You will need a little help for this one. You can use a free web application to track your meals (there are plenty of free membership sites that will allow you to count calories). It's easy to do but it will take a little time to learn. Don't get super detailed because it will take a long time to find the exact food item. You can generally get away with choosing the generic for each food item. For example, Famous Amos cookies are the same as any other chocolate chip cookie in terms of calories. Getting super specific won't make any difference.
Do keep track of your diet for a week, then start doing this analysis:
- What am I eating that has the most calories from carbohydrates? Look for something you eat often. For some it's rice, for others bread, or soft drinks.
- Once you see how many calories they have, switch for something else that is high in protein instead. You can have the same calories, just in protein form.
That's it. Just do the two steps above for one food the first two months. In my case, I started with the soft drinks during lunch. I switched to water, and replaced with bigger meat or poultry portions for the first couple of months. Then, after my habit was ingrained to replace soft drinks with protein foods and water, I looked for something else to replace.

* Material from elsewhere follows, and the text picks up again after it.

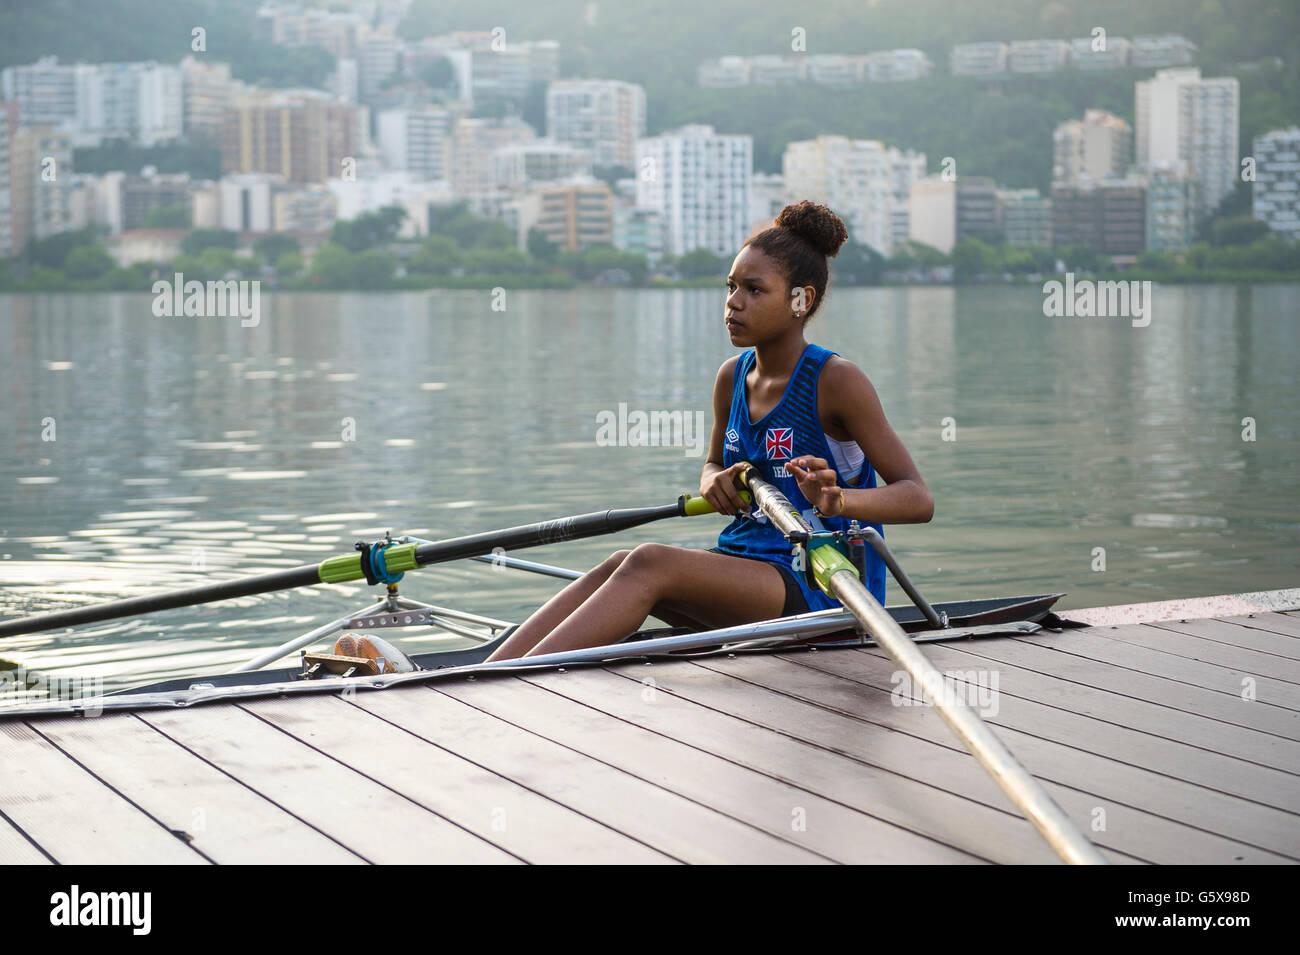 RIO DE JANEIRO - Aprile 1, 2016: un giovane brasiliano carioca rower lancia la sua barca al fianco di un molo a Immagini Stock

This time it was rice. You will need to continue switching high carb 'garbage foods' for healthy foods using the web site for a while, but people only eat the same 30-50 foods regularly (look at your record after a week). You will quickly develop a feel for what is high carb and what is not. You won't need the site to count the calories eventually and will be able to make the switches with no outside help and without giving it much thought. I do recommend the site or a spreadsheet to help you keep the weight off. Get on a scale once a week on the same day and track the weight in the application or a worksheet. This will help you get yourself back on track if you are not making progress (it will happen), since you can always go back to counting calories to help you get with the plan again. Once you do this 2-3 times, you will see huge differences.
It sounds too easy, but I guarantee you will start getting results in the first two weeks. Expect to lose about 2 pounds a week on good weeks and 1 on bad ones.
My biggest problem now is that I'm out of clothes, literally down to 6 pairs of pants to wear, with huge belts that need extra holes and shirts that look like circus tents on me. I hope you'll be in the same place in the next 6-10 months.